どうせなら手の内を知らない者同士の方が良いだろうという事と、同じ国同士でつぶし合うよりは他国の人間と戦う方がやり易いだろうという配慮だ。
尤も、そんな気遣いは不要だと言われるかもしれないが。
クロードは危なげない剣技で瞬殺だった。
人型になったラドリはその優し気で大層美しい姿に一瞬の乱れもなく、まるでタクトか何かを扱うように剣を払いながら一・二度舞うと、対戦相手が白目を剥いて倒れ込んでいた。
……怖い。変な妖術とか使っているんじゃないだろうなと、思わずじっとりと見てしまうのは仕方がないであろう。
他の大陸から来た例の釣書のケツ顎の御仁は、一瞬危ない場面があったが激しく打ち合うと力で押しやり、辛くも勝利した。
意外なのはアーネストだ。
その見目から型通りの美しい剣を振るうのかと思えば、相手の出方により大きく形を変える臨機応変なそれで。
クロードやラドリの剣よりも、ジェラルドの剣さばきに近い。きっと、確実に倒すという、遭遇してきた環境に依るものなのだろう。
そして何よりも、ディーンだ。
正直、ディーンがここまで勝ち進んでくる程強くなっている事に驚きで。
どちらかと言えば怖がりな少年だった筈だが、沢山の努力と強い気持ちのなせるものなのだろう。気迫あふれる試合を見せて、帝国騎士相手に競り勝った。
息が詰まって、大きく深呼吸する。
ディーン、アーネスト、ラドリ、クロード。そして他大陸からの騎士だというケツ顎がそれぞれの位置から、観客席に座るマグノリアを見つめていた。

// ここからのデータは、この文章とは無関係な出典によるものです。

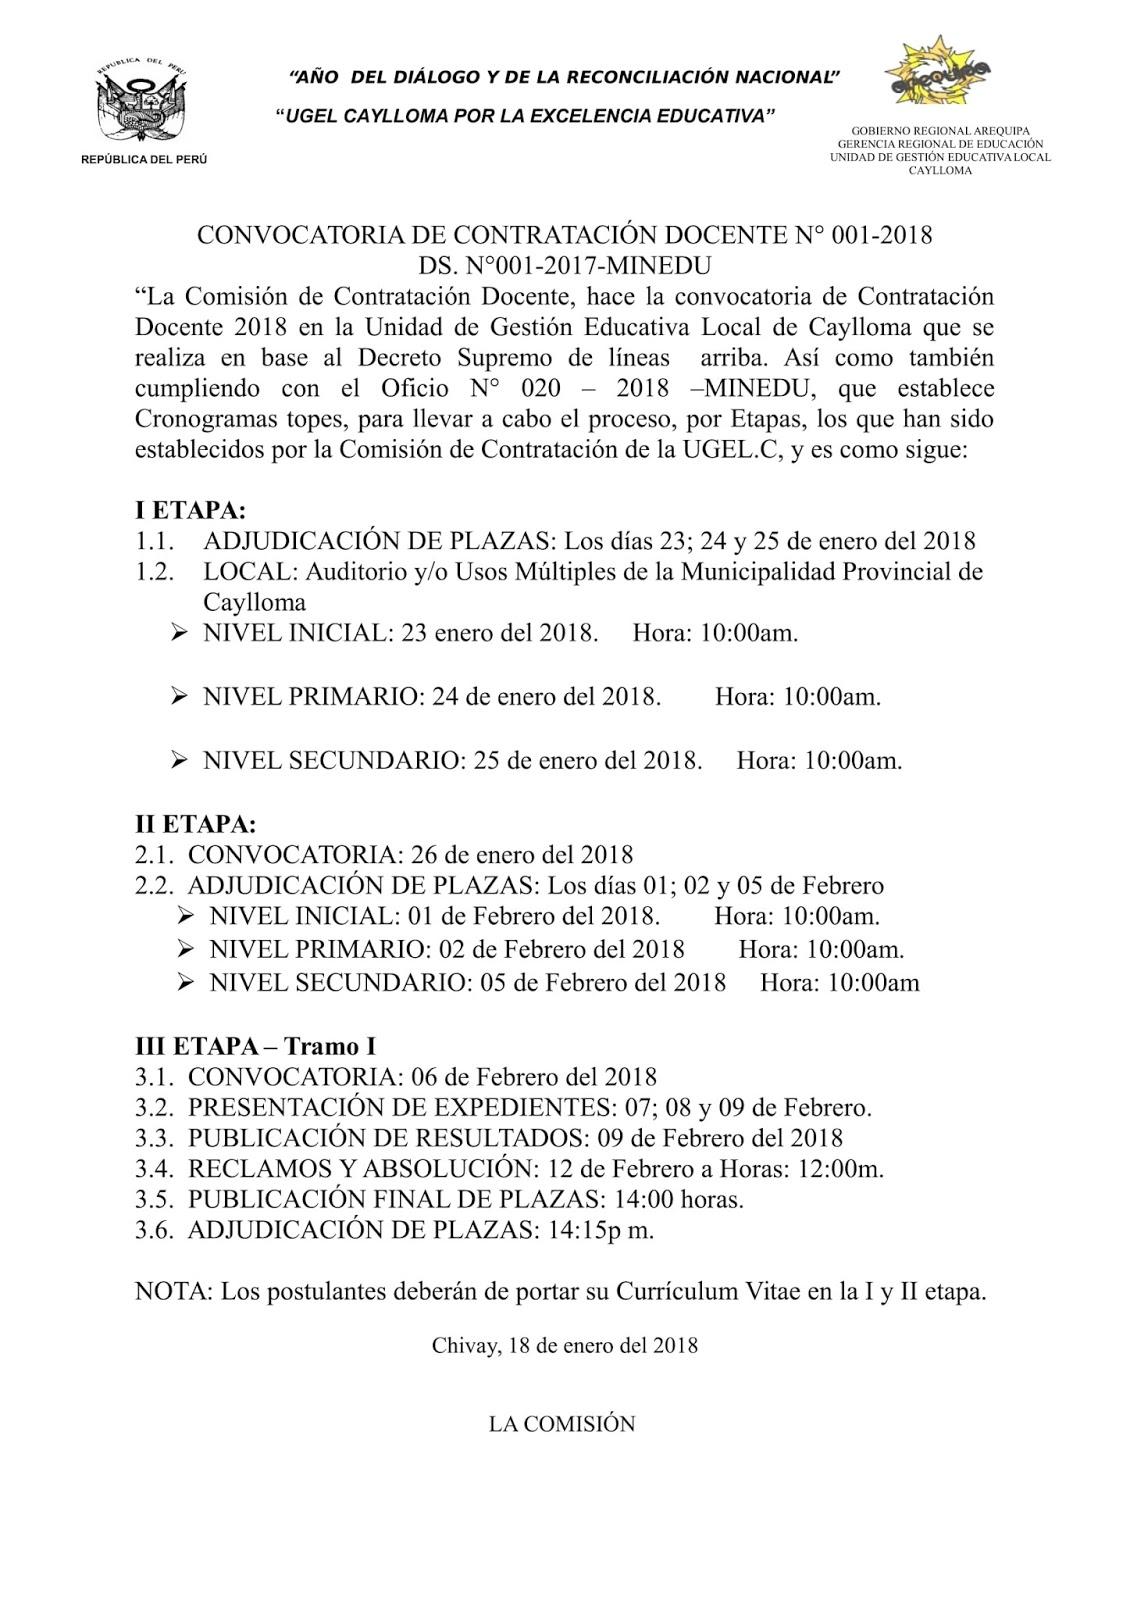 Convocatoria de contrataci n docente n 01 2018 ugel for Convocatoria para docentes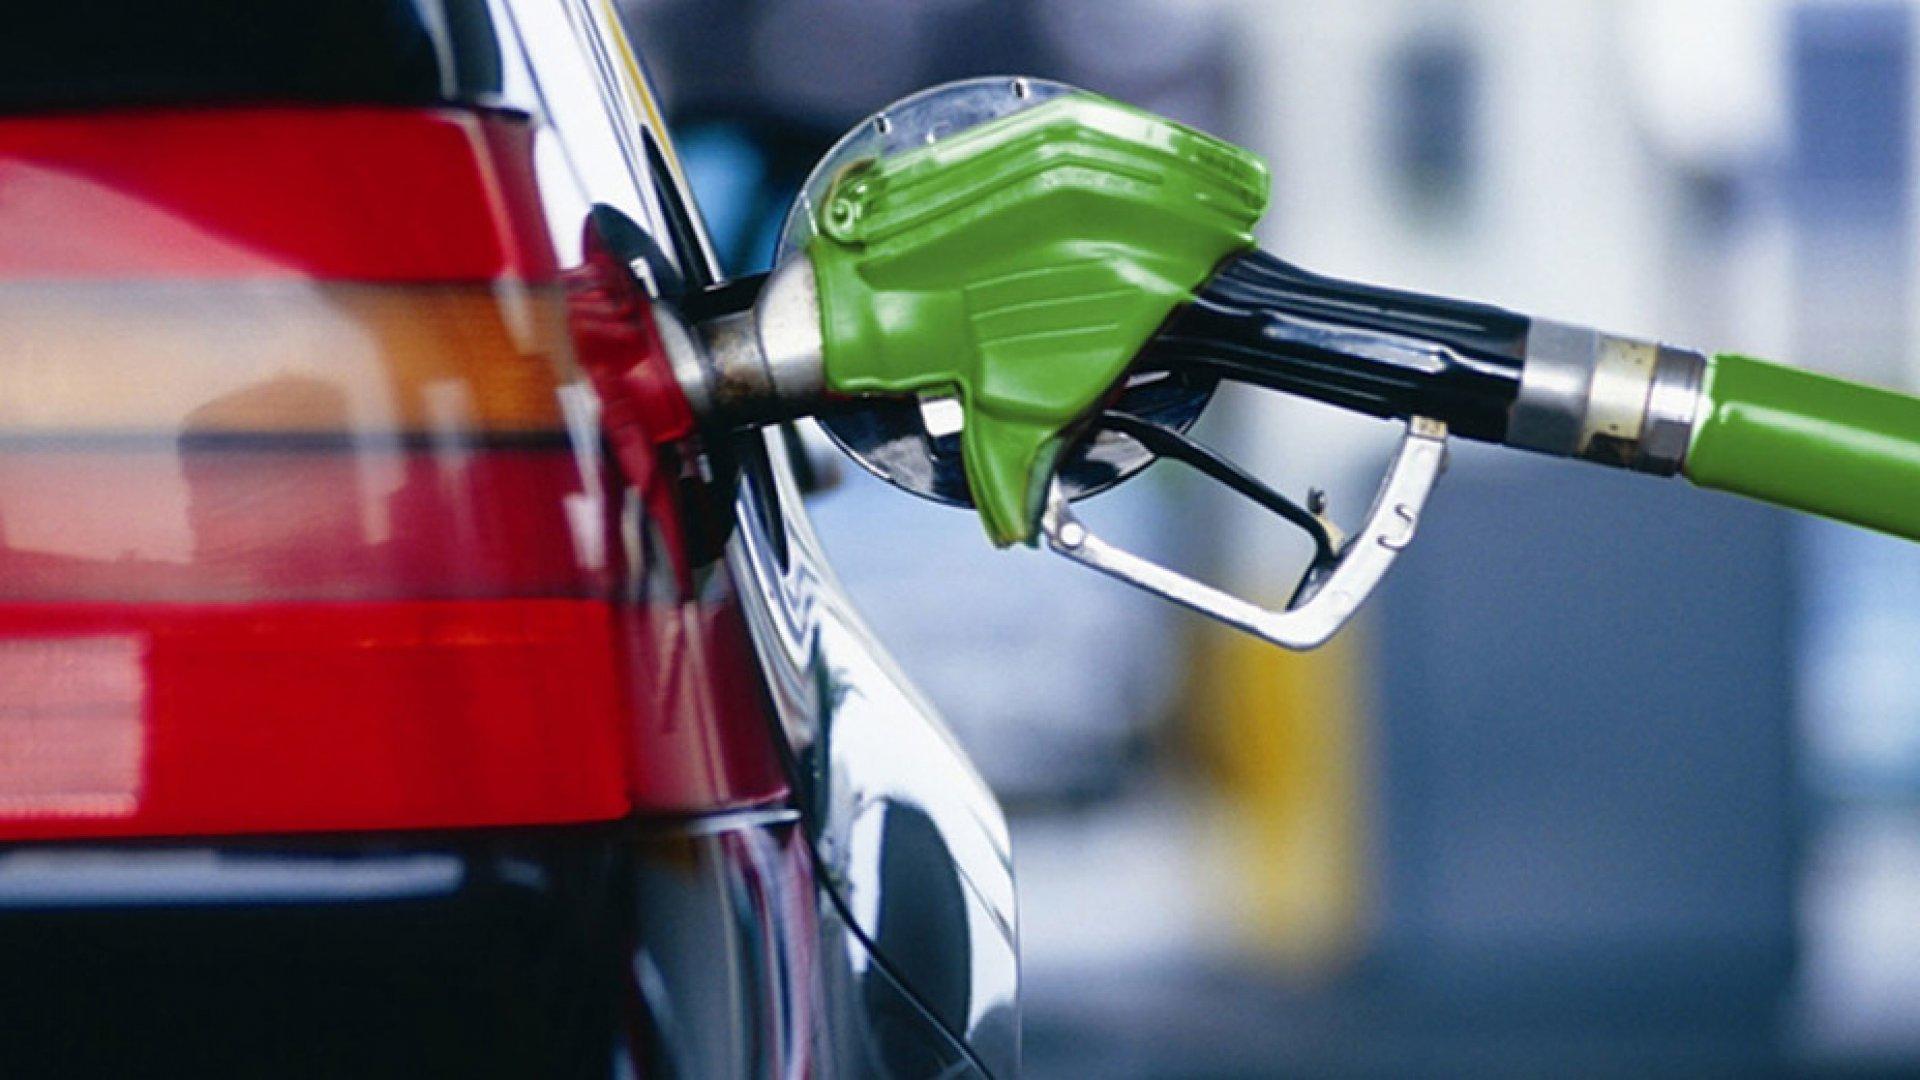 Боротьба з контрафактним паливом: у ДФС розказали про найпопулярніші сірі схеми (ВІДЕО)

きっとゲームだったら、彼らのどアップのスチルと共に、
『可愛い彼。優しい彼。面白い彼(鳥)。頼れる彼。……あなたは誰に決める?』
そんなナレーションに煽られそうである。
尚、ケツ顎はどういう枠で出演させれば良いのか。ワイルド枠? 厳つい枠?
……わからないので省略しておく。
こんな真面目な場面でふざけてはいけないのはよく解かる。痛い程に解る。
だが、居た堪れない。ひじょーに居た堪れない!
更には先ほど自覚したばかりの感情がマグノリアの内に戻ってくる。
……じっと見つめられては鼓動が跳ね、思わず視線を彷徨わせた。
中身いい年をして、何故こんなティーンエイジャーも真っ青な気持ちに振り回されているのか……地球で恋愛のひとつやふたつ、しただろうに。
身体年齢が十代だからなのだろうか……
自分がしょっぱすぎて悲しくなってくる。
もう長い事ずっと知っているというのに、なんで今の今まで?
これからどんな表情をして顔を合わせればいい?
しかし。そんな甘酸っぱ&しょっぱい感情に混乱するマグノリアをあざ笑うかのように、不幸が忍び寄っているのであった。